Computer vision also had similar such developments over the last decades. Early computer vision systems competing in the Imagenet competition used feature selection, another method by which pesky human interpretation is forced into our models, under the belief that this will lead to better outcomes. This involved devising algorithms that would detect edges, contours and colours in an image and feed that into a statistical or regression based model. In contrast, AlexNet, a Convolutional Neural Net submitted to the competition in 2012 significantly improved on the best scores of previous models in the competition. Although its convolutional system also did some similar edge and feature detection on input images, the model selected those convolutions itself, rather than with the guidance of an expert. Its architecture was able to identify features such as faces in its output mappings without any help, meaning during training the model not only worked out that faces were important but also developed a set of weights to detect faces without there being any feature or label for faces in the dataset at all.

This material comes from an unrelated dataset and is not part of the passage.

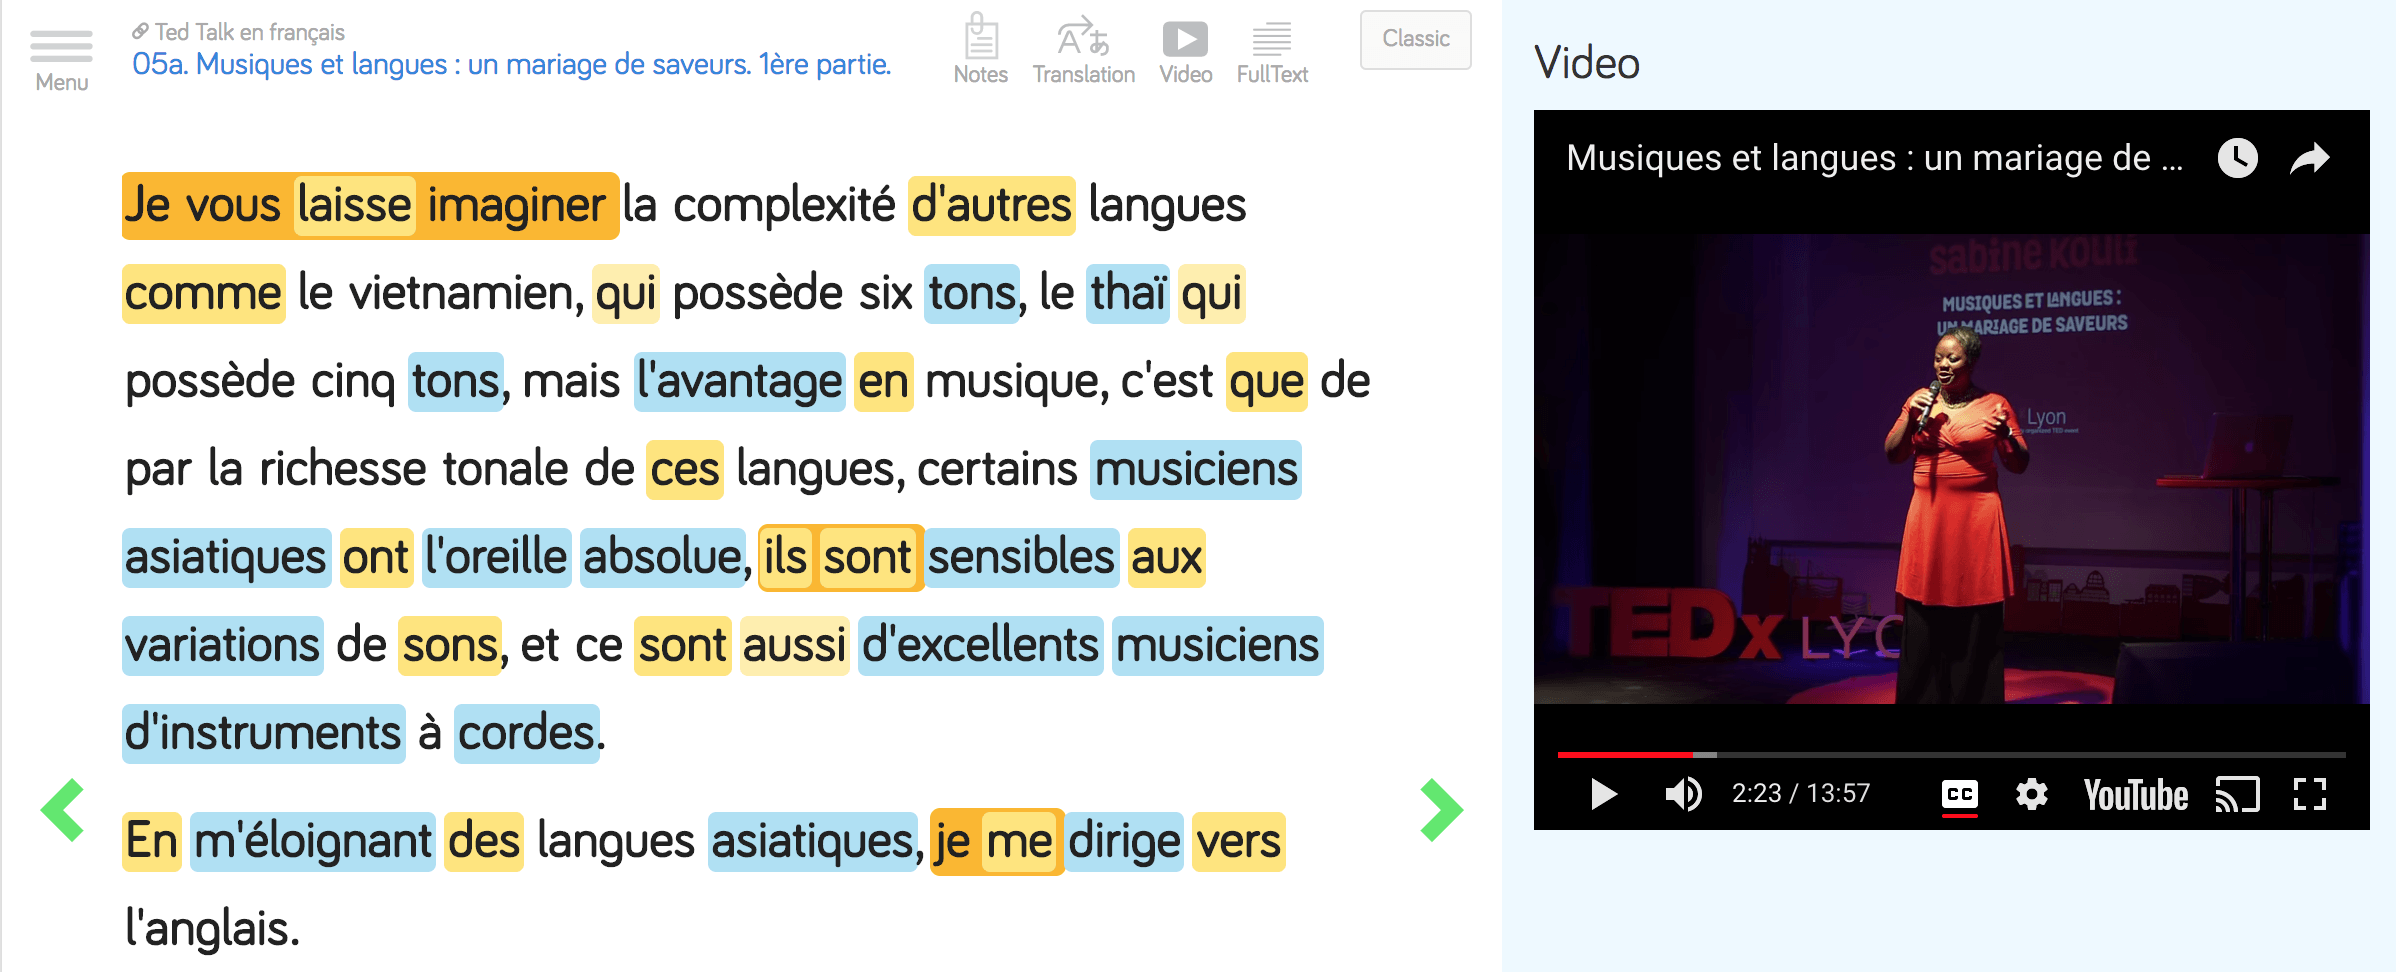 Learn French on LingQ

This has been a bit all over the place so let’s summarize a bit at this point before we talk about the present and future.
The bitter lesson tells us that improvements in computation will mean computationally infeasible (but better scaling) methods will win out over expert-written ones.

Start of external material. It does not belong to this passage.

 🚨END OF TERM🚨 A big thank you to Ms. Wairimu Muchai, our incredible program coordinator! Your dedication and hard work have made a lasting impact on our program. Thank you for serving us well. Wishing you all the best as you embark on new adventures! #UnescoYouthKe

Search may actually not be an equal to deep learning in terms of how well it generalises.
If we are looking for models that generalize, none may generalize better than Large Language Models. The case of the aforementioned Cyc system would hardly be a problem for a modern LLM. For the problem of common sense, apart from notable edge cases, LLMs eclipse all other attempts at their task. Not only that, but they are passably able to tackle many of the aforementioned problem areas. Vision nets can be attached to LLMs to make them multimodal, and now are not only able to classify contents of images, but reason about them (to the extent that they are able to reason at all). Similarly, LLMs can play chess [5], although not all that well. Conversely, problems that are outside of human reach are equally out of reach of LLMs. They can’t protein fold, decode encryption cyphers, and aren’t even that good at SAT solving. In this sense, they seem to generalize In the same dimensions as humans do albeit to somewhat different scales. I think that many of the things remaining things that humans have to do that we are trying to replace with AI systems may ultimately be replaced by LLMs, and the existing attempts to automate them will fall foul of a new, improved, bitter lesson.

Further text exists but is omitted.